My American Dream is a decade long project of creating images in a poetic nonlinear narrative that is both dreamlike (capturing dream space and time in installations that have larger intentions beyond the form and content of any singular piece) and the story of my own life with my husband in the larger cosmology of a United States and history that helped our life come about and to give us the freedom to be who we are and to help to others to hope and forge a positive and nurturing life full of beauty, love, and the pursuit of happiness.
In the 21st century, I believe in a have your cake, and eat it, too-plan, combining the subjective beauty and painterliness of modernity with the cultural relevance and narrative pertinence of postmodernity. If you could have the emotion depth and formal nuance of a Rembrandt, married to the populism (and politics!) of a Warhol, maybe you can create something new. Growing up skiing in Colorado and going to the Denver Art Museum, the great wanderlust in painted landscapes of the Rockies by Germans like Ufer and Hennings would intrinsically have a strong influence on my artistic life. At home, I discovered European illustration and underground comics, and their closeness to Grosz, Dix, Die Brücke and more that would help give my vehicles their expression. Fassbinder influences me by his use of melodrama to get his audience involved in stories imbued with feeling. He used this tension as a seductive agent to have viewers empathize and have compassion for avatars who have journeys through discourse, with ideas of both Marx and Freud permeating their worlds.

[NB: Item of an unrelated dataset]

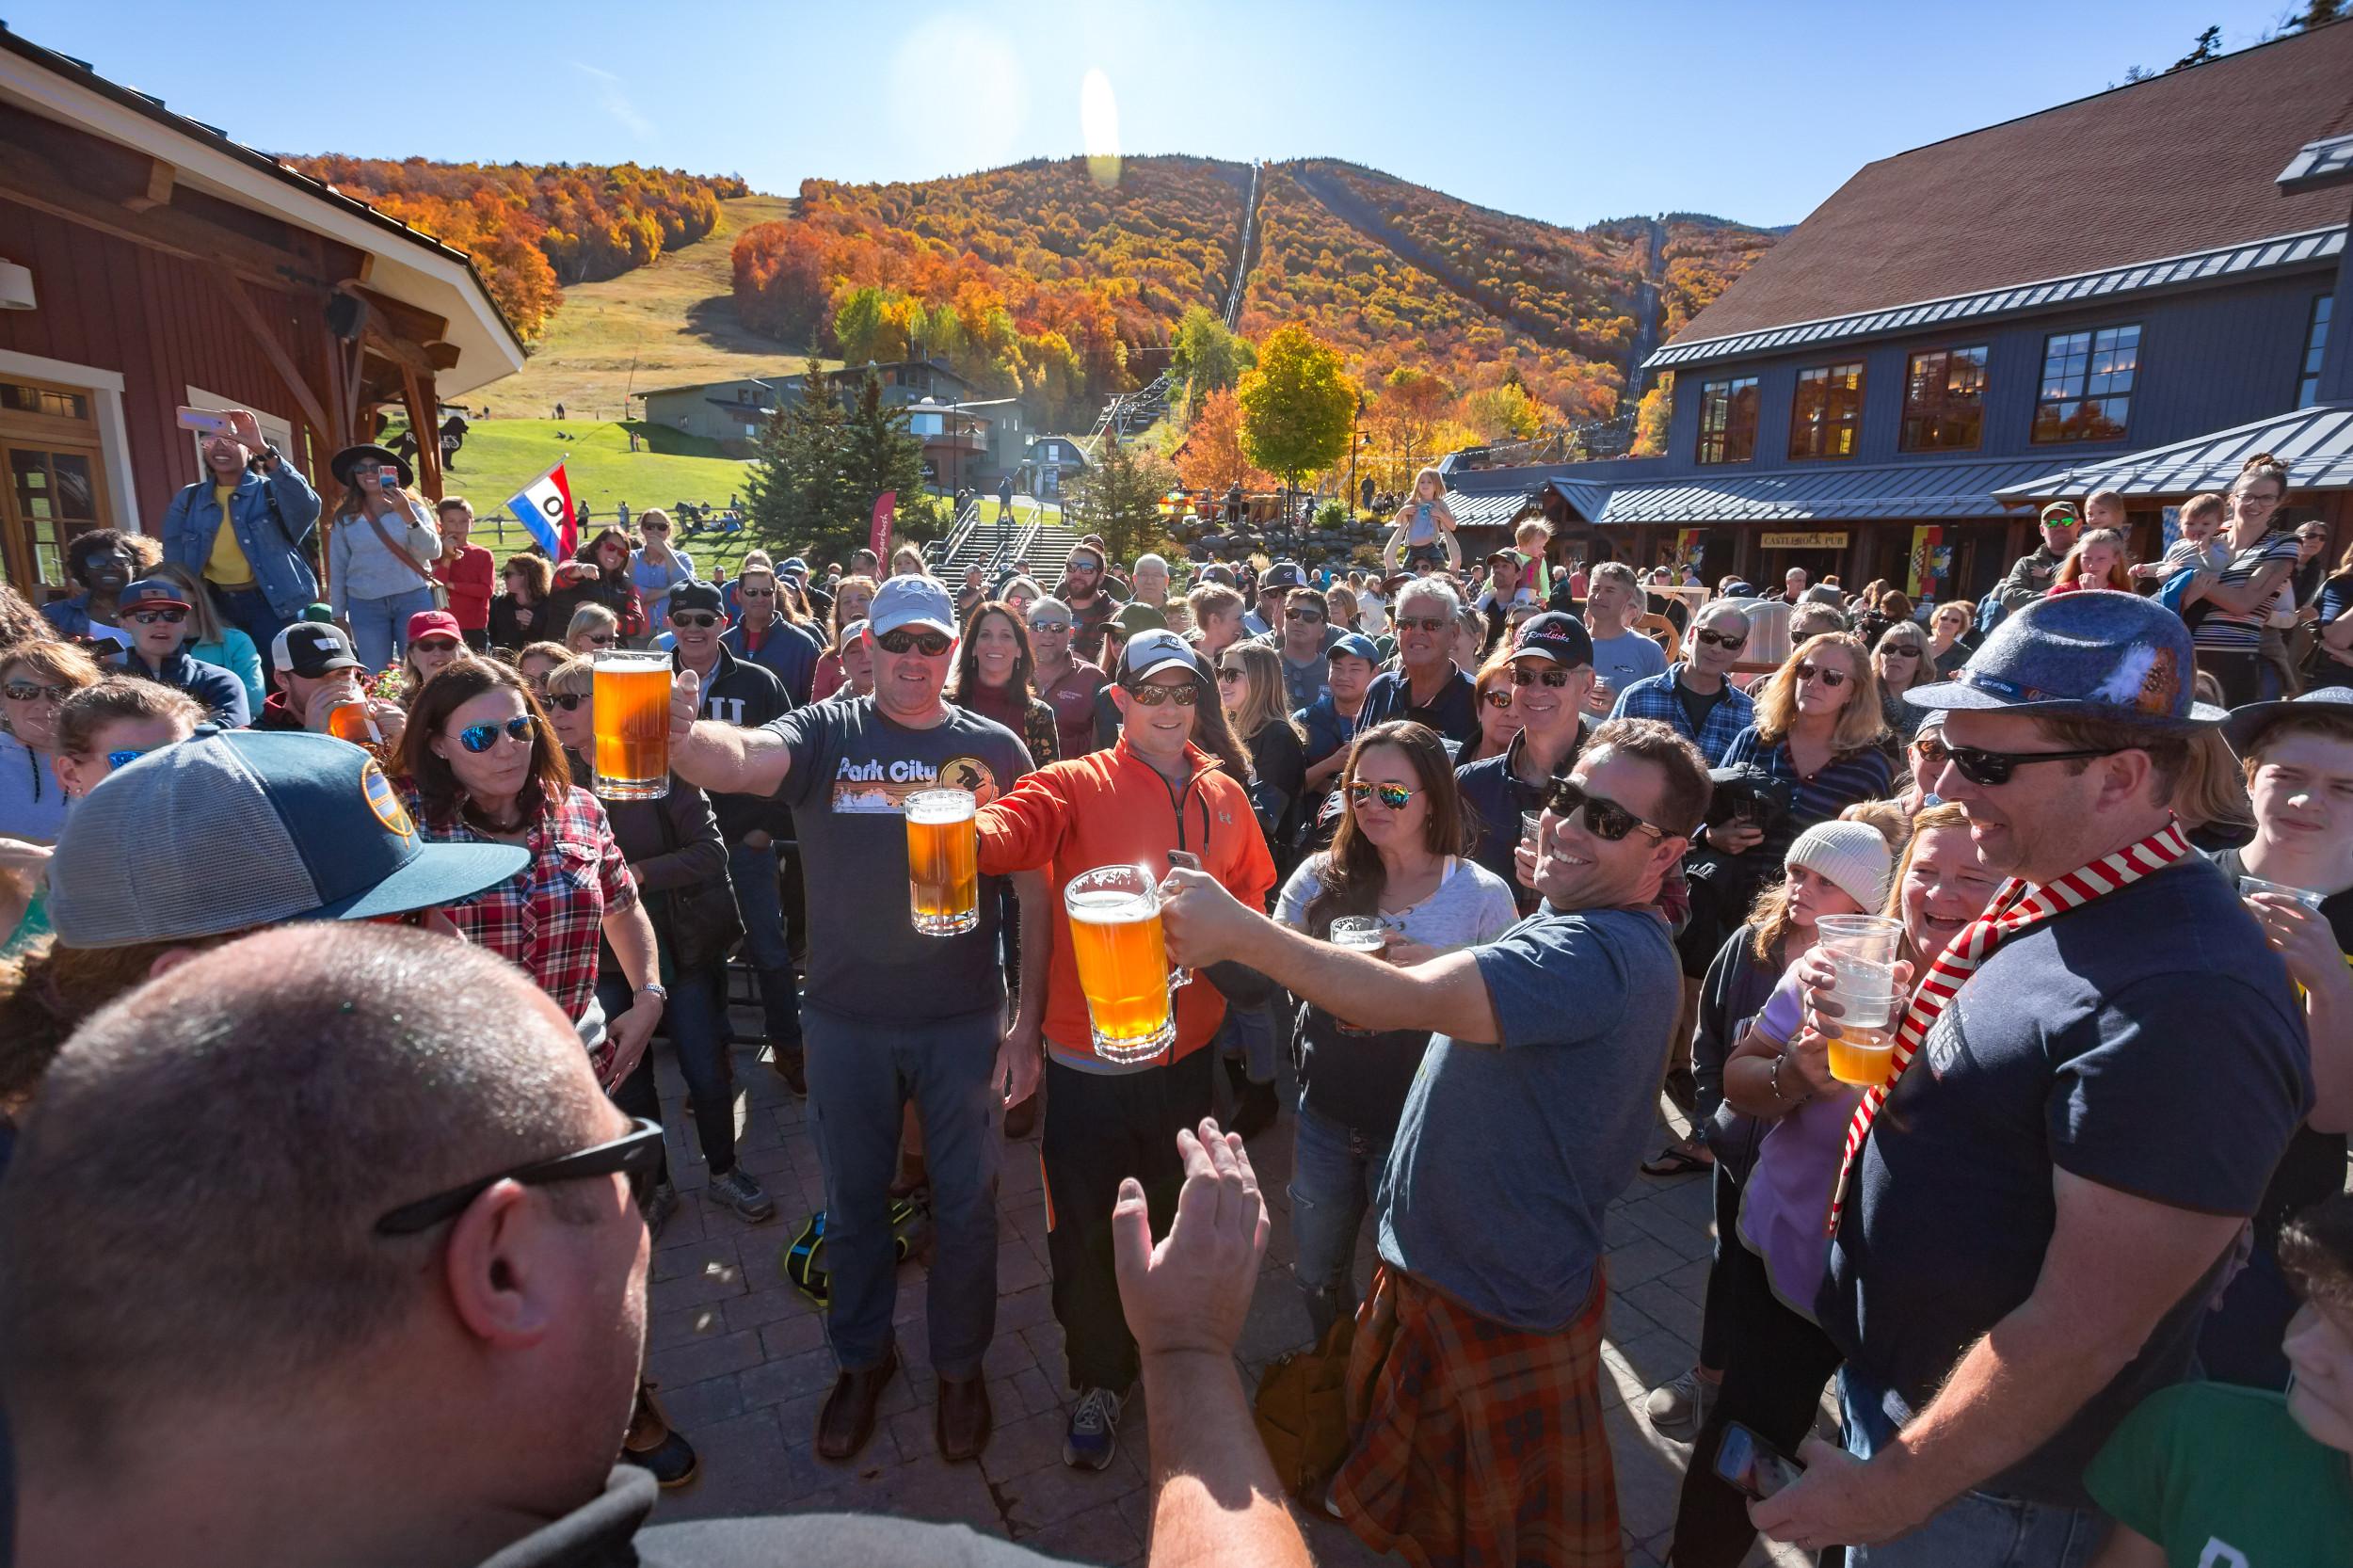 Crowd of people toasting full glasses of beer at a autumn festival

100 years since Duchamp’s Fountain, I think we can circle back to the unconscious, to notions of transcendence, the ineffable, and the sublime. After Richter, I want to penetrate the picture plane at the same time that I want to keep the content of the Pictures generation. For me, my images are Proustian madeleines, aesthetic talismans to form thoughts and feelings from my own life into the image, like James Dean’s method acting, suturing his own biography into his characters’ lines. Elvis never wrote his own songs, but used the lyrics and mood of his chosen melodies to cull something deep inside generating a moving voice that spoke not just for him, but also allegorically for generations. Turner turned towards the light of God when gazing towards the sun, producing Kantian transfixes of Romantic sublimes beyond the corporeal existence of his forms, Cézanne was able to project his unconscious along with his conscious brush when painting his Monte Sainte-Victoire thinking of his childhood with Zola. And the spirit of American modernity of Hopper, O’Keefe, Dove, Hartley, Burchfield, and Ryder dreams deep to my core, Leaves of Grass to my Walden Pond.
Images of our America go beyond our current state of affairs back into the world of nature, our Manifest Destiny continues to guide us in the age of the National Parks Centennial, showing us, that if you aspire to do something new, turn to nature. Our great leaders, the heroes of civil rights, make great sacrifices to strive beyond a subjective and subjugating Patriarchal Order, to lift up the spirit and agency of all peoples resisting the reification of Capitalism and Power, rebelling against oppression, creating a voice for youthful generations wanting to make a difference.
No one can really build a wall to keep people and life away from where all wants and needs to be. Borders, like artistic movements, are malleable glass ceilings that are made to be broken. Modernity continues to push through constructs by allowing our instincts, our synaesthetic feelings, to flow past how things might seem to be represented. When painting with a brush with oil paint you have the baggage of that history behind you, but you are also facing forward into the future. What other kinds of art can’t do as well, still, is make unconscious thought concrete and made visual within the plastic space of the picture plane—what leaks out (the ineffable, the uncontrolled, the ecstatic revelations, like Elvis’ gospel) become Gracelands not just of what can be, but where we can travel to become more human, sacred while embracing the profane.